Problem statement.
Drop the images; return everything else in the listing below exactly.

Material provided.
= = = = = = =

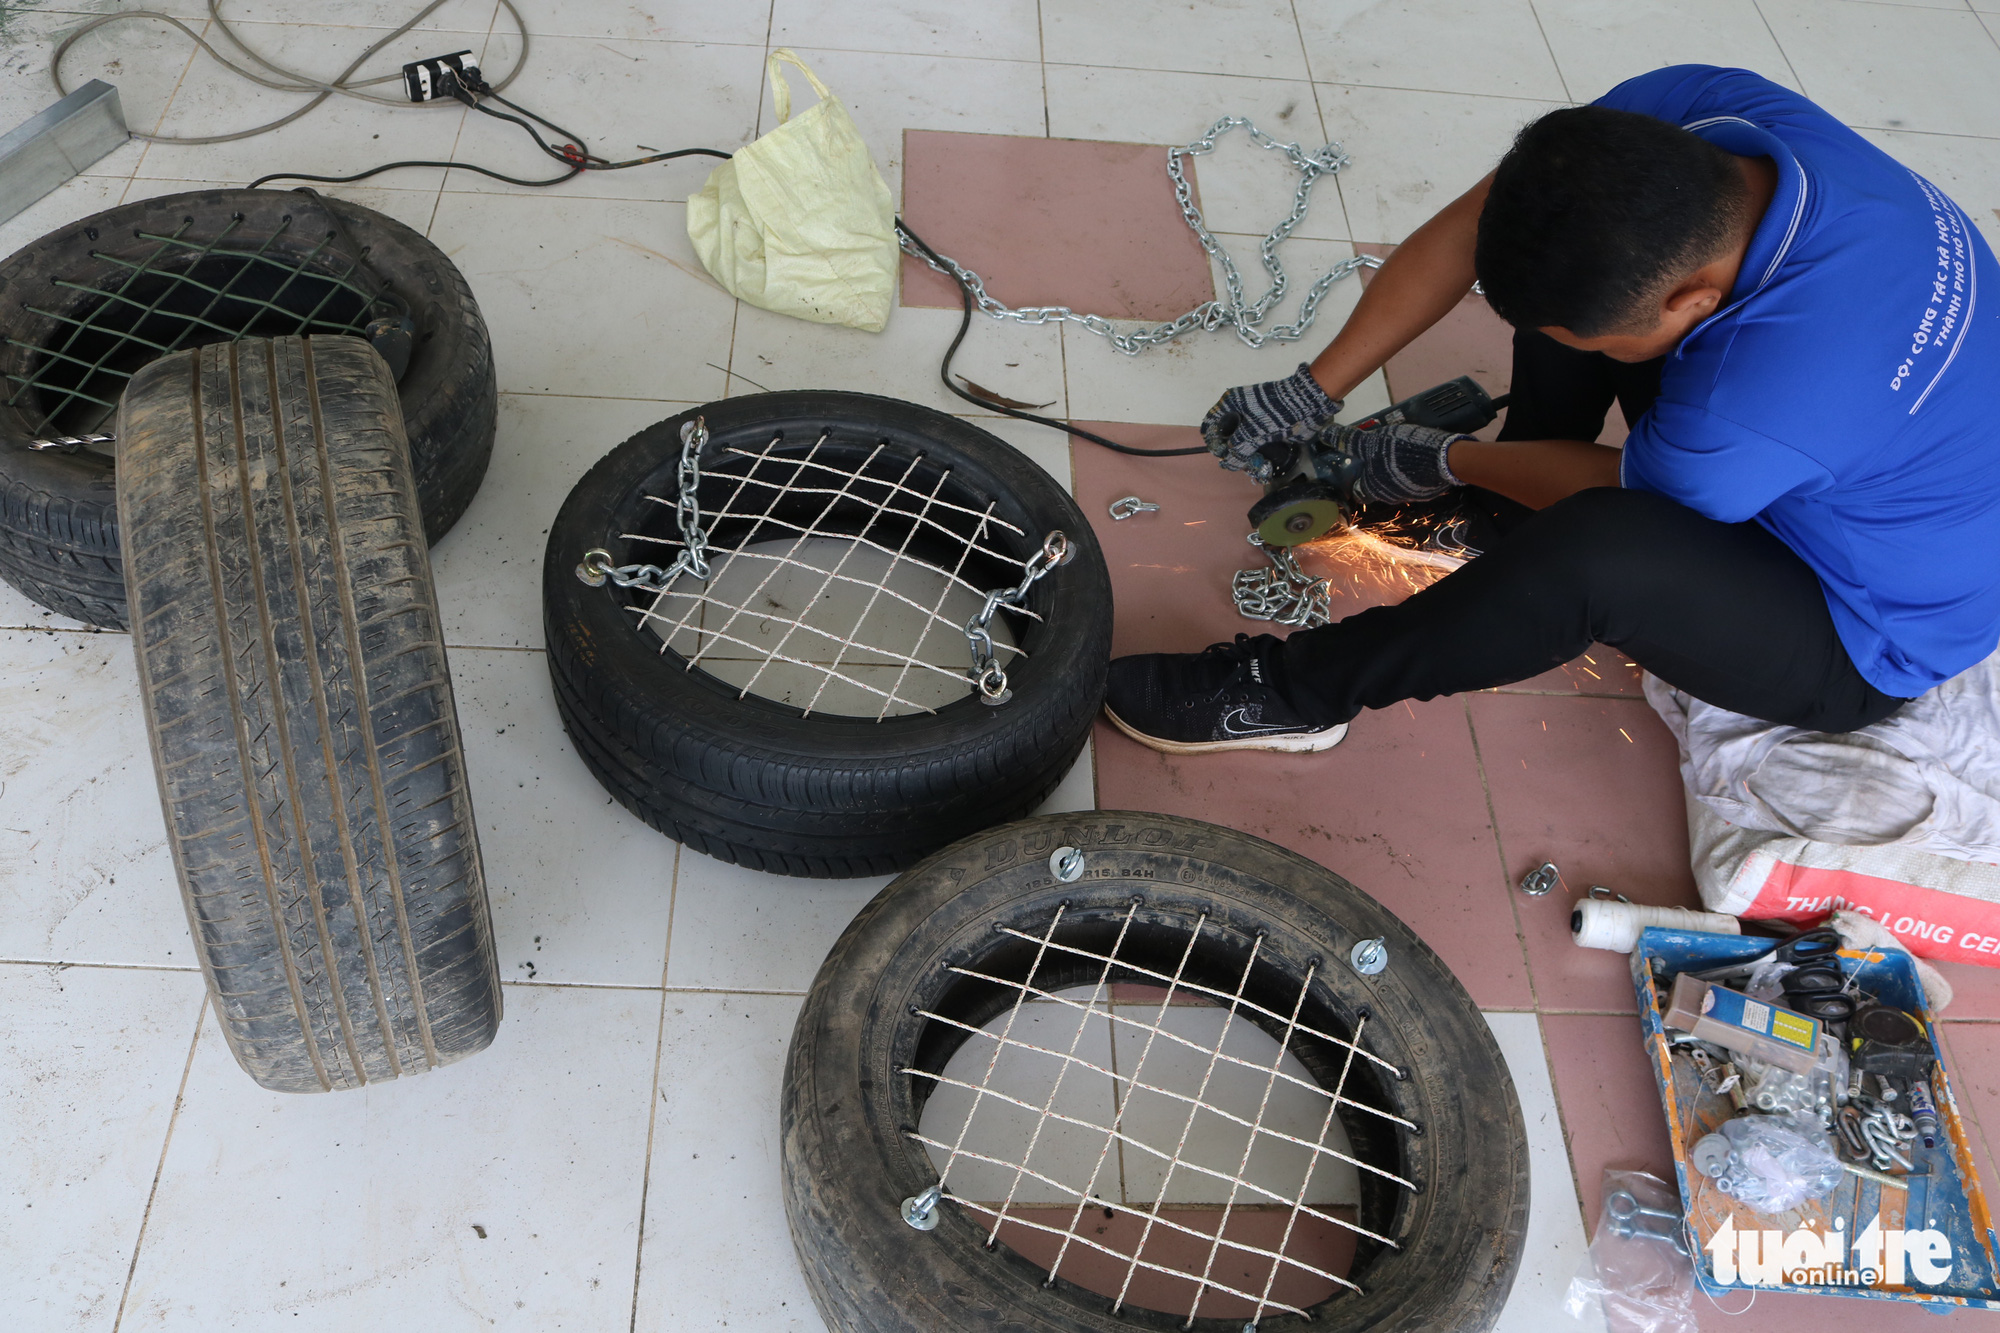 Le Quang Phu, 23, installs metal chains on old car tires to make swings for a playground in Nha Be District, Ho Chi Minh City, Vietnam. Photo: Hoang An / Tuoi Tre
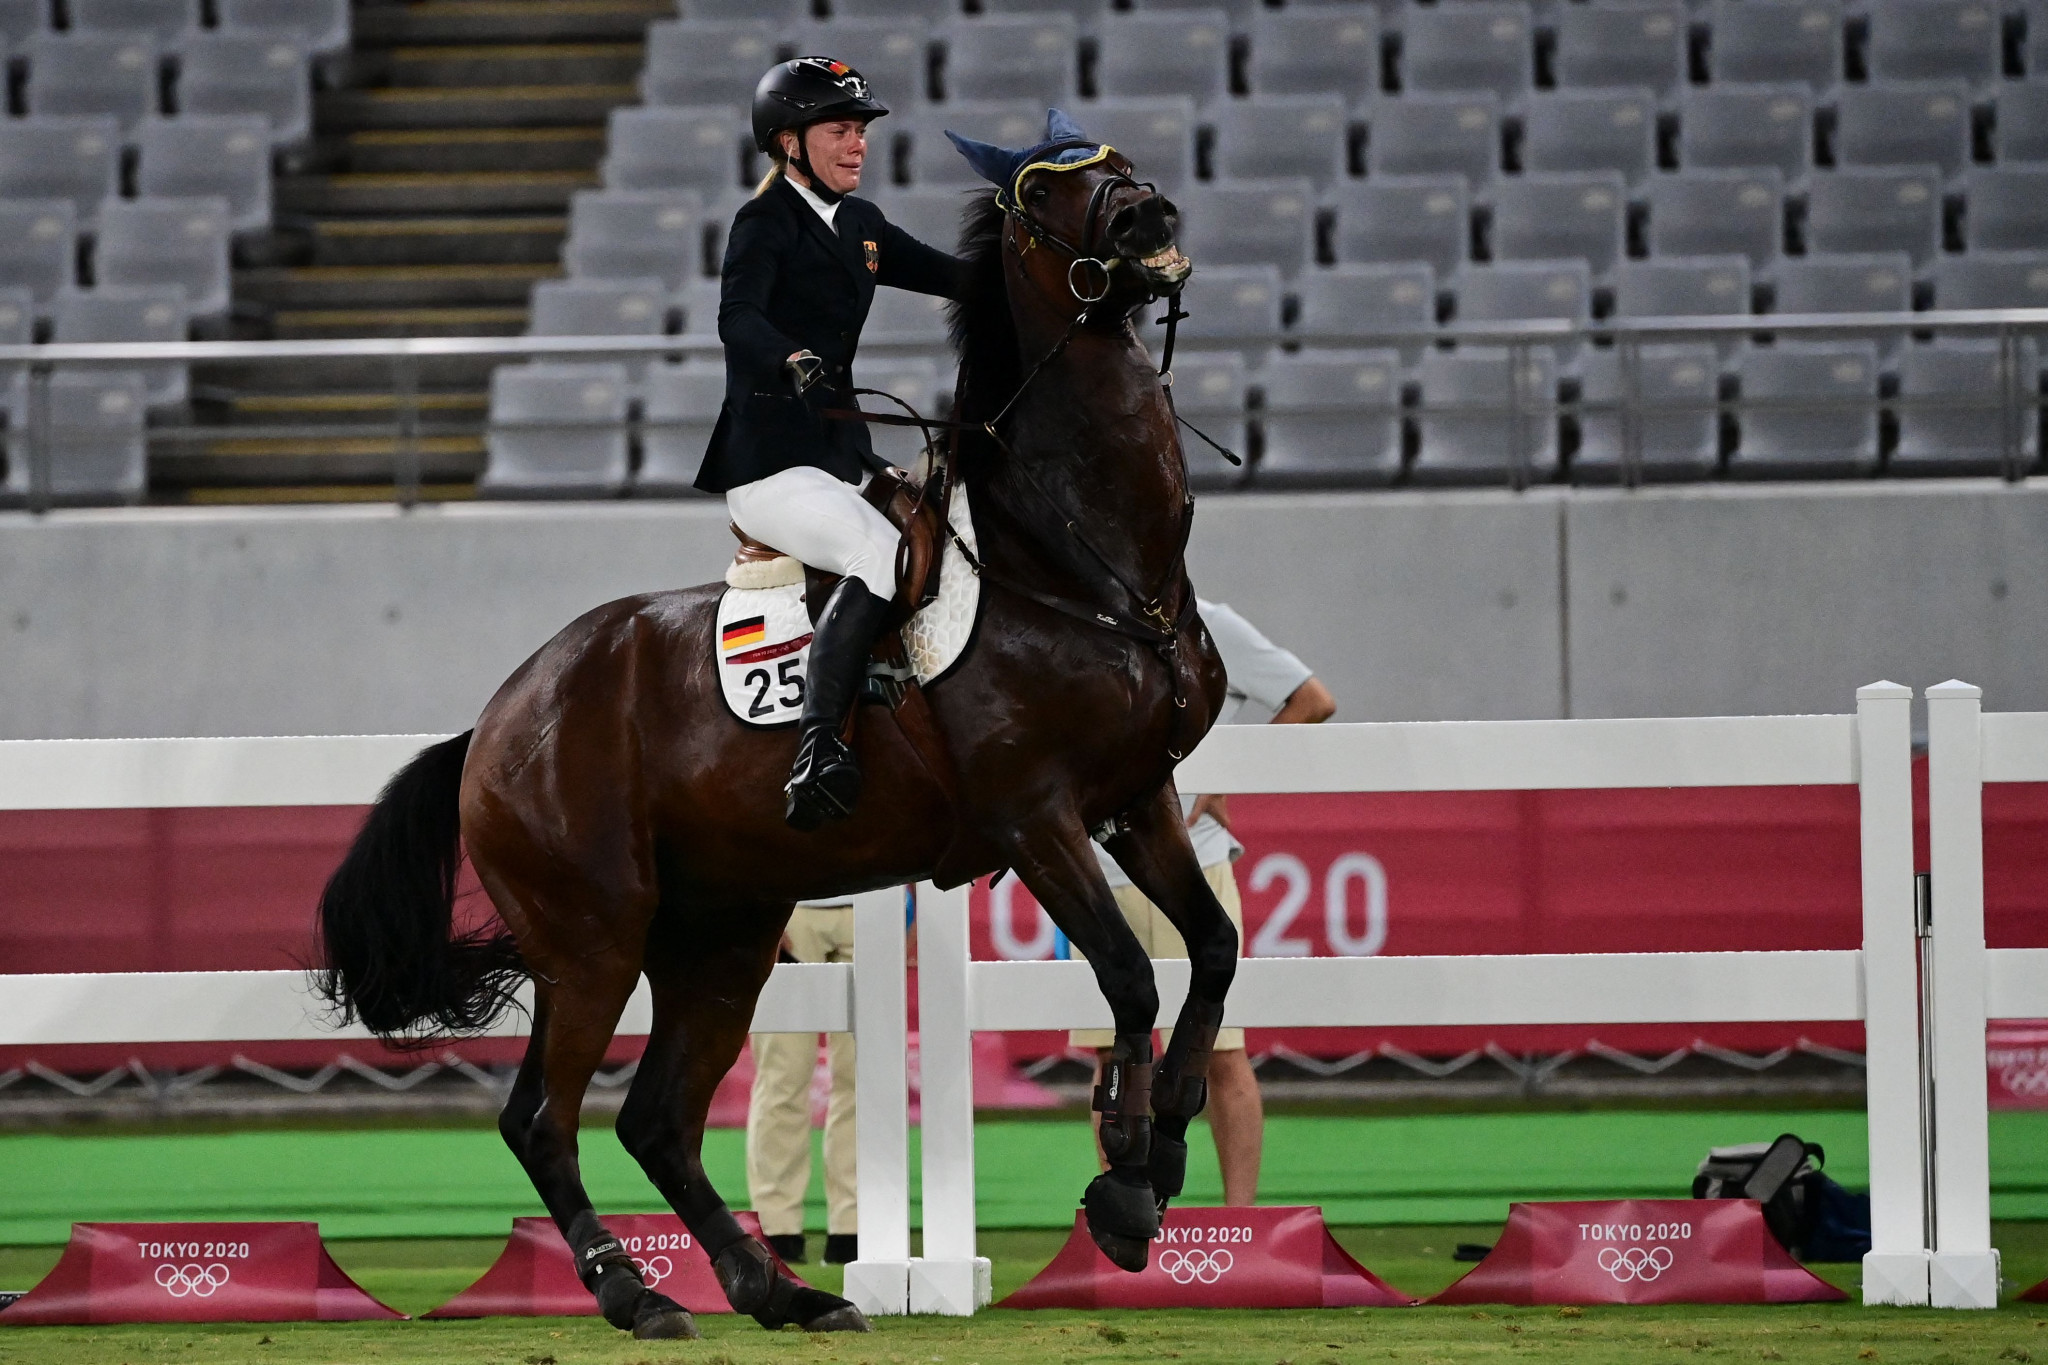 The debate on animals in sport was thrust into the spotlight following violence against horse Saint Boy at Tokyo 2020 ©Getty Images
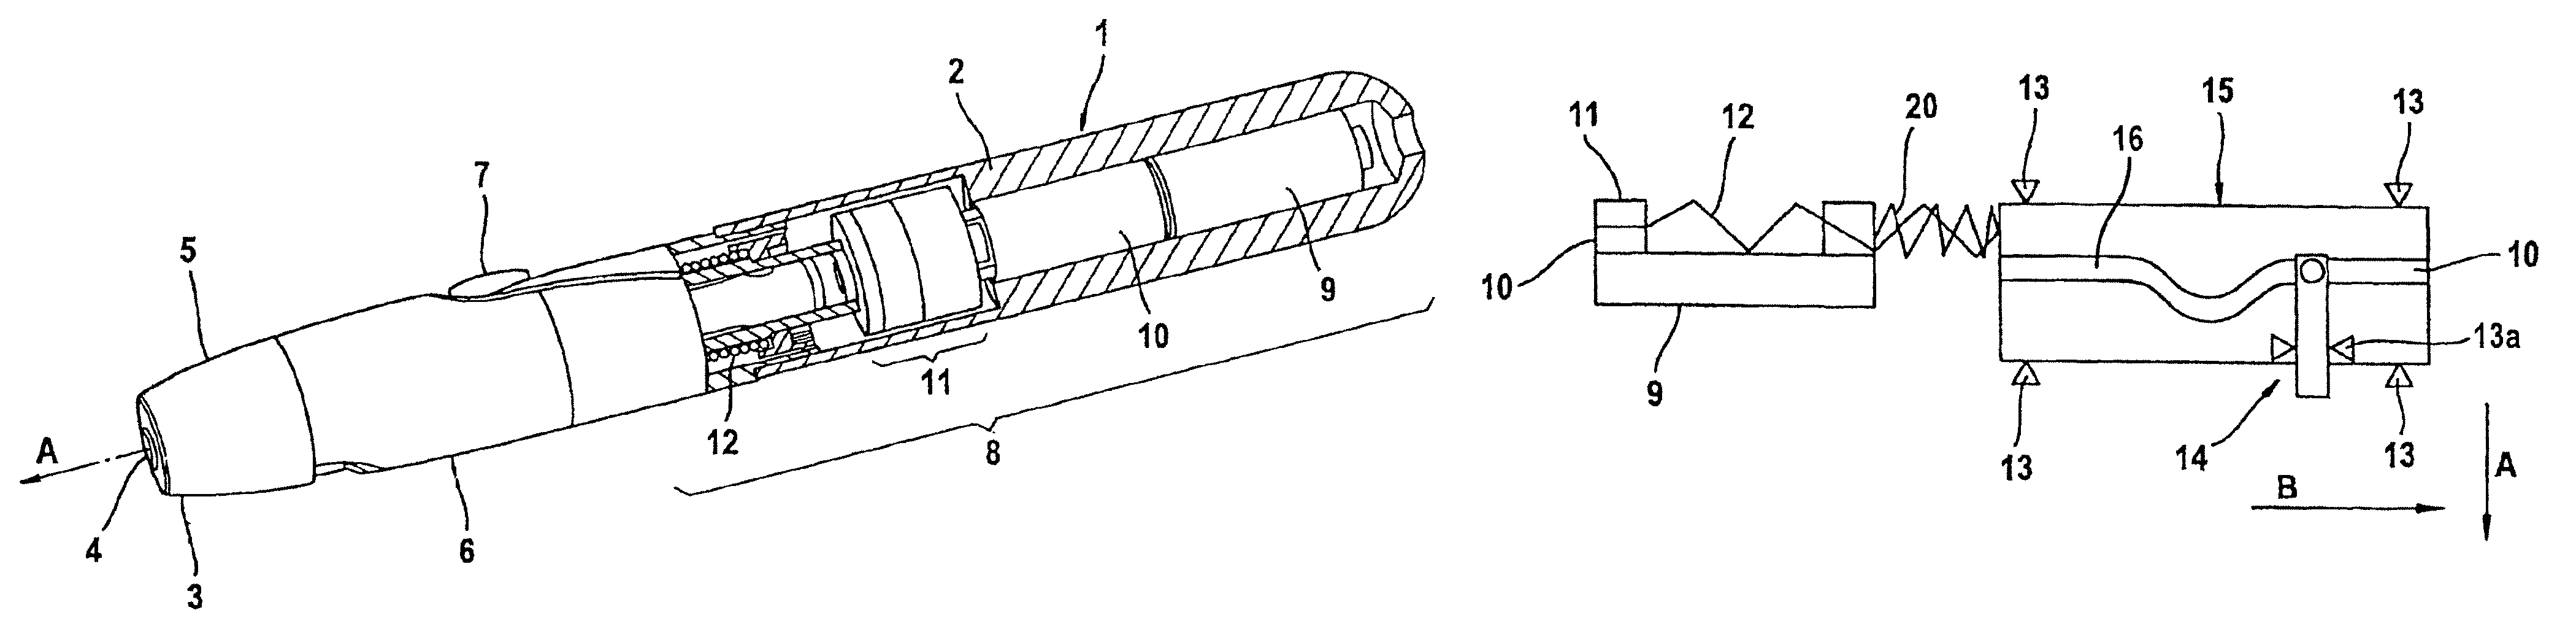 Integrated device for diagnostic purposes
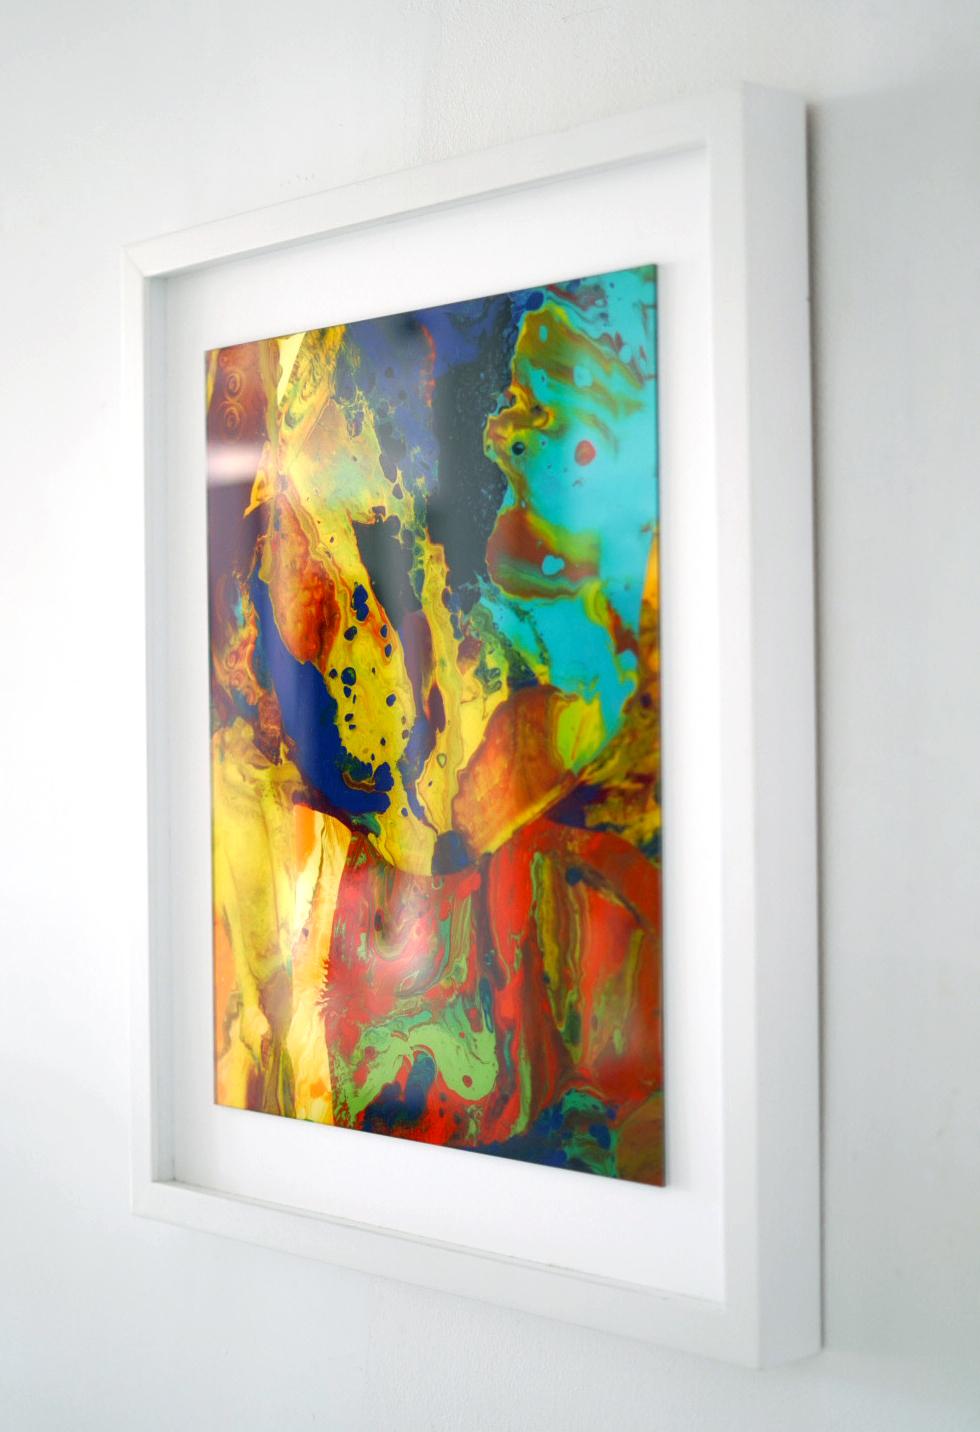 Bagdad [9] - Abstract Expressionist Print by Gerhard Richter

= = = = = = =

Your response.
 Le Quang Phu, 23, installs metal chains on old car tires to make swings for a playground in Nha Be District, Ho Chi Minh City, Vietnam. Photo: Hoang An / Tuoi Tre
 The debate on animals in sport was thrust into the spotlight following violence against horse Saint Boy at Tokyo 2020 ©Getty Images
 Integrated device for diagnostic purposes
 Bagdad [9] - Abstract Expressionist Print by Gerhard Richter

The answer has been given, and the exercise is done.